A number of studies have extensively compared tetramer and cytokine ELISPOT analyses (265–268,273). Typically, tetramer analyses have provided frequency estimates that exceed those detected by ELISPOT. Even though this may, in part, be a result of issues of “higher backgrounds” associated with certain MHC-peptide tetramers, it may also be a result of the fact that cytokine ELISPOT assays detect functional memory/effector T cells that responded to cognate antigen. Because this population of “primed” T cells represents a subset of all T cells bearing TCR that can bind a MHC-peptide complex, while MHC-peptide tetramers can detect “nonresponsive” (i.e., naïve, anergic, or hyporesponsive”) and “functional” T cells, it is not surprising that tetramer assays provide a higher estimate. When combined with a functional readout (intracellular or membrane captured cytokines) in multiparameter assessments, however, tetramer estimates fall more in line with the results of LDA and ELISPOT assays. A study by Rubio-Godoy et al. (273) showed that a tyrosinase 368–376 peptide-specific T-cell clone detected by IFN-γ ELISPOT in patients with melanoma was not detectable by staining with the corresponding A2/peptide multimers, but was cytolytic. This was explained by a faster TCR/pMHC complex dissociation rate of this clone.
Cytokine flow cytometry frequencies, in the absence of anergic cells, tend to be similar to those obtained by MHC tetramer analysis (266,274).
In summary, each assay has advantages and disadvantages. The recommendations agreed on for monitoring of cancer-vaccine trials during the Workshop are listed in Table 6. These recommendations take into account the principles of the assays as well as the current state of development of individual assays towards standardization and validation. The latter is expected to change over the coming years. These recommendations are further limited by the paucity of vaccine trials that have systematically used two or more immune monitoring assays, an approach that would facilitate comparison of results. This situation also is likely to change in the near future. In principle, three situations with cancer vaccines have to be considered separately when devising a suitable immune-monitoring plan: (1) vaccinations aiming to induce a response against defined CD8 T cell epitopes, (2) vaccinations aiming to induce a response against a specific protein, and (3) vaccinations with antigens that are at least partially undefined.

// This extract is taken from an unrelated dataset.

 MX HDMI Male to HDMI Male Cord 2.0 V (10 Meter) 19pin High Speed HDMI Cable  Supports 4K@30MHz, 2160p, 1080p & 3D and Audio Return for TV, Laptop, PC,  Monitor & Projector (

The immune monitoring recommendations for these three situations are discussed separately below.
Before including a patient in a vaccine trial, the ability of the individual patient to mount an immune response should be assessed. This could be accomplished with assays measuring general T-cell function such at ζ chain expression (see “T-Cell Receptor Dysfunction in Cancer”). While providing potentially useful information, these assays are at present insufficiently standardized and validated to be used as eligibility criteria for vaccine trials. Additional prospective assessments of the ability of these assays to predict for the robustness of an immune response to a cancer vaccine need to first be performed.
The assays that are principally suitable for this purpose include ELISPOT, CFC, tetramer, qRT-PCR, and LDA assays. The recommendation from the Immune Monitoring Workshop is to use, whenever possible, a combination of two of the following assays: ELISPOT, CFC, and tetramer assays.

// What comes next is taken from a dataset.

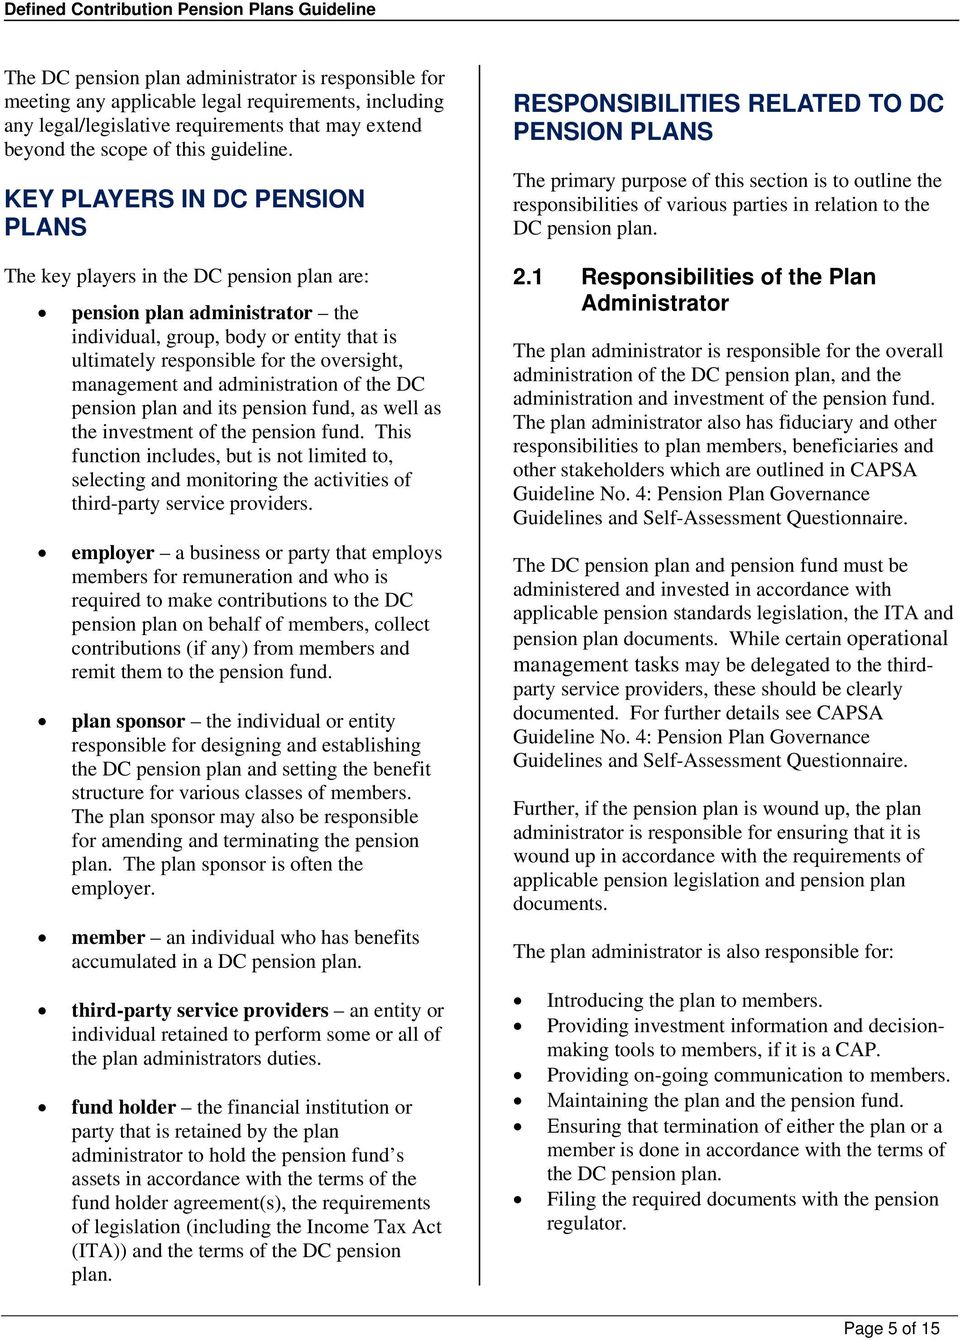 management and administration of the DC pension plan and its pension fund, as well as the investment of the pension fund.

The ELISPOT assay is currently the best characterized. One inter- and numerous intralaboratory comparative studies have been published, as detailed above. Furthermore, the ELISPOT assay has the highest reported sensitivity to detect a T-cell response against most tumor antigens, although this may not be the case with T cells producing low levels of cytokines (Keilholz U, unpublished data). Reliable analysis is relatively easy to perform, but requires constant care because several critical reagents can vary from batch-to-batch. Furthermore, an automated plate reader is required for objective analysis.
The CFC assay exploits the same T-cell properties as the ELISPOT assay, however considerably fewer studies analyzing T-cell responses to tumor antigens are published with the CFC. Most of the current experience with the CFC assay is with viral diseases, which may not be relevant to many of the less immunogenic tumor-derived self-antigens. Cytokine flow cytometry commonly employs multicolor staining. Therefore there is a need for a dedicated and specially trained person to perform the flow analysis, because gating of cells during event acquisition and setting of markers to discriminate negative and positive staining requires experience and a high level of expertise. Theoretically, intelligent interactive software solutions could be developed to ease this process and reduce operator variability.

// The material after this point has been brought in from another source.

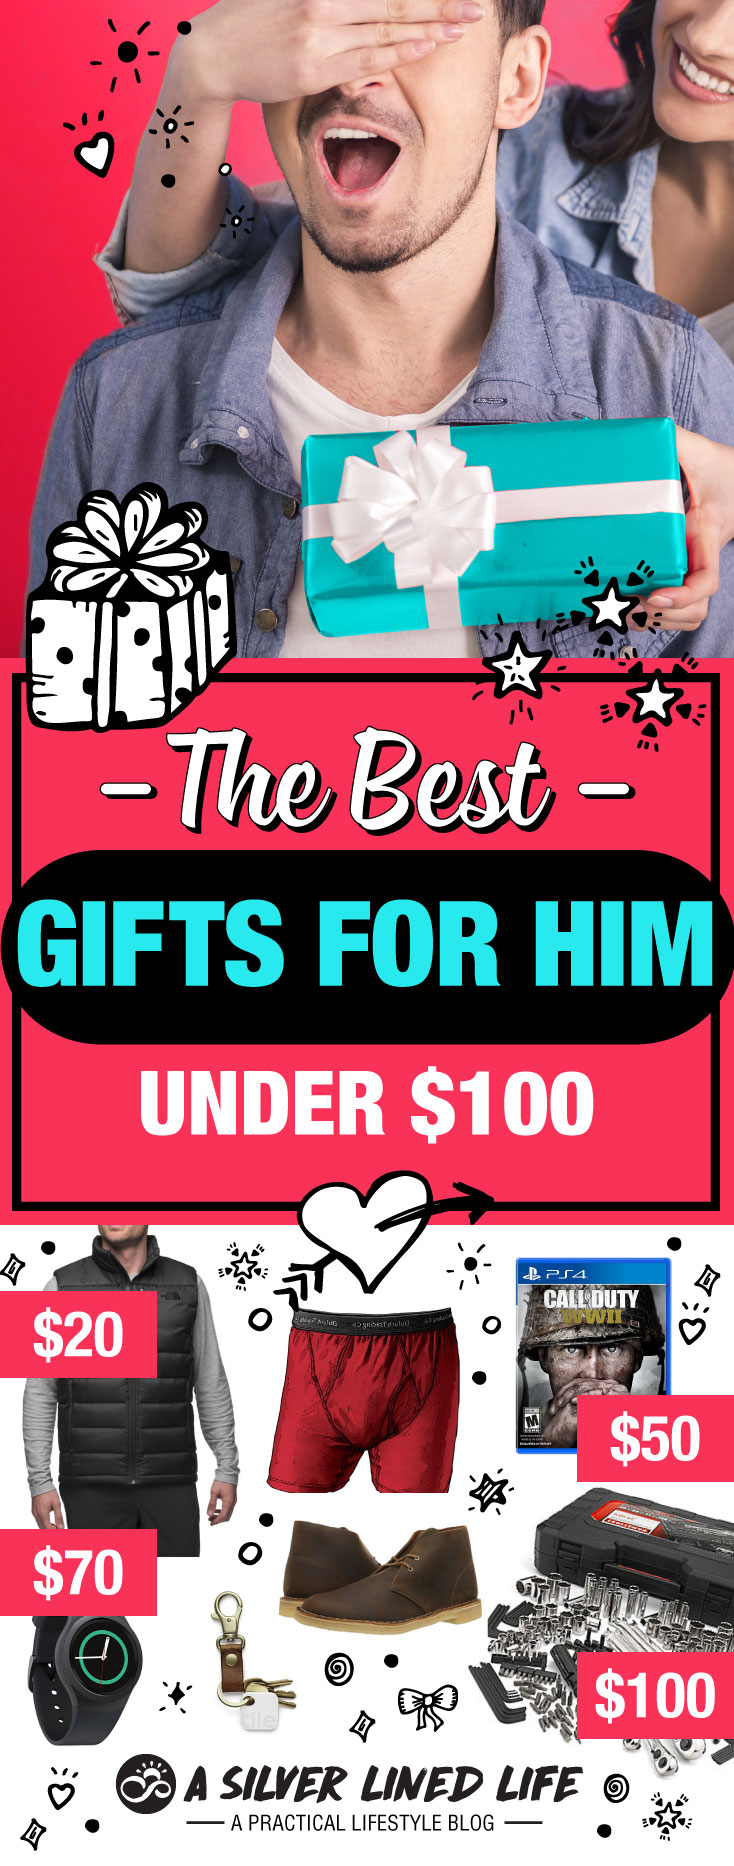 Gifts for boyfriend, gifts for him, gifts for men and gifts for dad, ALL HERE. This is the very BEST LIST EVER! I surveyed dozens of men and asked what Christmas, birthday, anniversary, Valentines etc. they would absolutely love. These ideas are unique, cool and range from cheap to high quality. The very best gifts for men by men! So very glad I did this survey. I learned so much! #SLL #christmas #christmasgifts #gifts #men

The tetramer assay is currently less well standardized and is less sensitive than the ELISPOT assay and probably the CFC. For each T-cell epitope an individual tetramer has to be produced and characterized. However, once a specific tetramer is available, the assay has the advantage over ELISPOT and CFC assays that it allows the detection of specific T-cells regardless of their ability to produce cytokines. For the same reason, however, the tetramer assay is unable to distinguish between functional and dysfunctional T cells, or between T cells producing Th1 or Th2 type cytokines. Therefore, it is currently recommended that the tetramer assay be used in conjunction with one of the two functional cellular assays (ELISPOT or CFC).
The qRT-PCR assays are also of great interest because they require the least in-vitro manipulation. Two hours of stimulation are sufficient to elicit cytokine transcription, but not cytokine release, making intercellular variability during the incubation period unlikely. Furthermore, qRT-PCR is very flexible. Once the cDNA is generated a large number of different cytokines can be tested using the material obtained from a single experiment. A major disadvantage of the qRT-PCR assay is that it is not a single cell assay and therefore cannot quantitate T cell frequencies or characterize specific T cells. Because of the lack of standardization, qRT-PCR assays cannot currently be recommended as a sole assay for monitoring of T cells in peripheral blood. On the other hand, the use of the qRT-PCR assay for assessment of tissue samples is of special interest, since the number of cells recovered from tissue is usually insufficient to allow the performance of ELISPOT or CFC assays. Consequently, the combination of qRT-PCR to assess for reactive cells and peptide specific cell quantification via tetramer staining may ultimately prove to be extremely valuable for in situ analysis of tissue specimens.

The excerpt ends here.